金叹被这突然失去的温暖给吓了一跳,好半晌,才压下了涌到面上的失落感,低低应了一声:“呐……哥,真是抱歉。”

宗龚之挑眉,刚想再教训几句,就在这时,金发碧眼的医生带着几个护士敲门走了进来,对他点头示意了下,就熟练地分工对金叹进行各种检查和询问。

不想打扰到医生的动作,宗龚之立马知趣地站起身来走到了门口处,背靠着墙,就这样注视着一脸茫然和失落的金叹被各个专家仔细盘查。

宗龚之忍不住长叹了口气。

——

洛杉矶

清晨,不过七点左右的功夫,金灿灿的太阳已经挂上了远方的天空。柔和的光线再一次透过洁净的玻璃照亮了整个病房,可依旧照不亮病床上大睁着无神的眼睛的病人的心房。

病人是金叹。

他正面朝着窗户抱着膝盖坐着。
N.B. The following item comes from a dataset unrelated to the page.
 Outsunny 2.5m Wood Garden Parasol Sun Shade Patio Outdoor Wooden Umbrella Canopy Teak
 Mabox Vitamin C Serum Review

压在腿上往大开的窗户外望着的曾经风靡了洛杉矶圣莫妮卡海滩的阳光活力的英俊面孔现在完全没了昔日的帅气,嘴唇干裂,脸色青白。

他就这样独自在这个房间里坐了一天一夜,丝毫不动。

不是没有人来劝过他。先不说医生护士怎么危言耸听,光是和他关系很好的李恩荣李叔以及他的朋友Jim在昨天早上见到他这个状态起就一直在一旁苦口婆心地劝着,就差下跪了,可他还是不闻不动,并且滴水不沾。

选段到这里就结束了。